By: G Wayne
Copyright © 10/01/07
The Post, documents the challenges of Katherine Graham played by Meryl Streep, the first
female newspaper publisher, as she struggles with whether or not to make a brave stand
for freedom of speech and print the Pentagon Papers. It is interesting that the movie opens
with these top-secret documents (or is it a dossier) being stolen from the United States
Government. The movie seems to be stating that stealing from the government is
vindicated if the benevolent news industry is providing us with information they think we
need to know.
So, Tom Hanks as Forest Gump triggered the Watergate scandal, and then as the editor of
the Washington Post, Ben Bradlee, he gets to write about it. That guy gets his fingers into
everything.

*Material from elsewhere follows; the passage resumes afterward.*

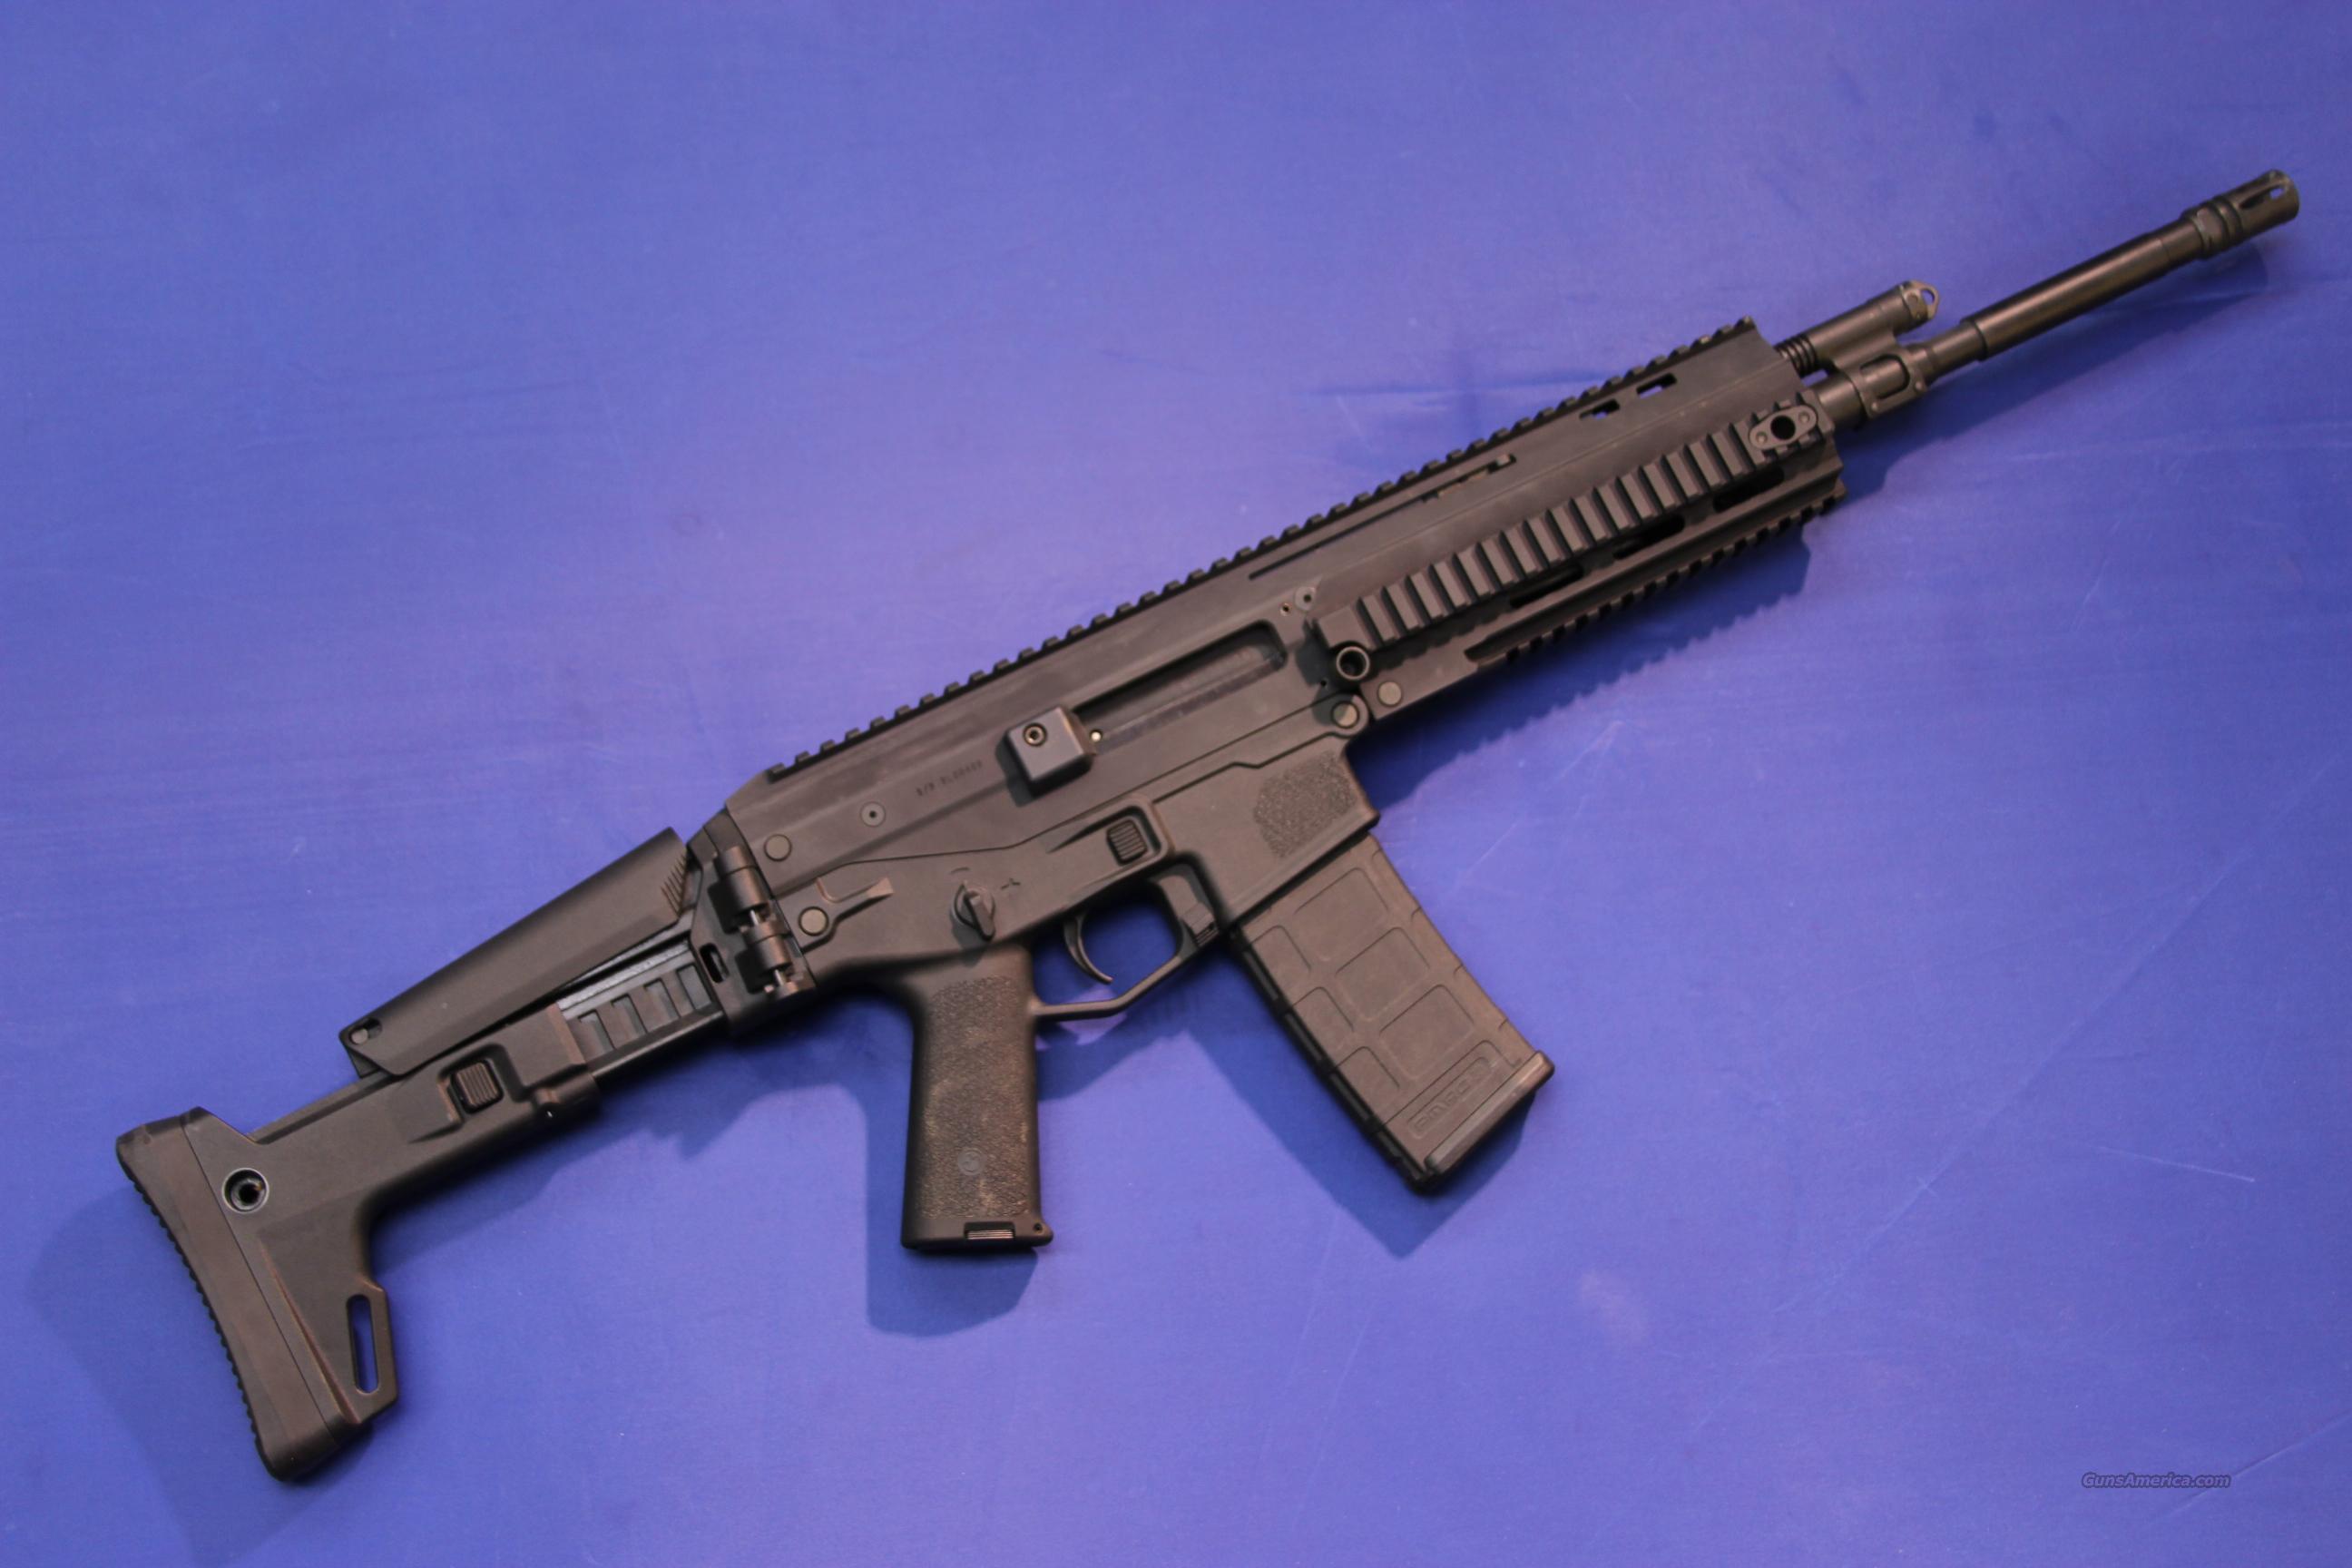 BUSHMASTER ACR ENHANCED CARBINE 5.56 NATO For Sale

Ben Bradlee writing about Watergate is only inferred at the end of the movie
and I am proud to possess the intestinal fortitude to have stayed that long.
It would seem that acting in a Steven Spielberg flick is a step up for Bob Odenkirk of Better
Call Saul fame, a Netflix series. But in this movie, it is more like a step down. Instead of
playing the emotive Saul Goodman/Jimmy McGill, he becomes the more "straightforward"
Post reporter Ben Bagdikian. The word straightforward is code for flat and uninteresting. In
Odenkirk's defense, he did a great job, there was just not much for him to work with.
While watching The Post, the words "When is something going to happen?" cycled
through my brain, that and "Why was this movie even made?" I guess after the mainstream
news media has lately taken such a shellacking for fake news, it sorely needs to rebuild its
"knight in shining armor" image. I say I guess, because this movie didn't do it.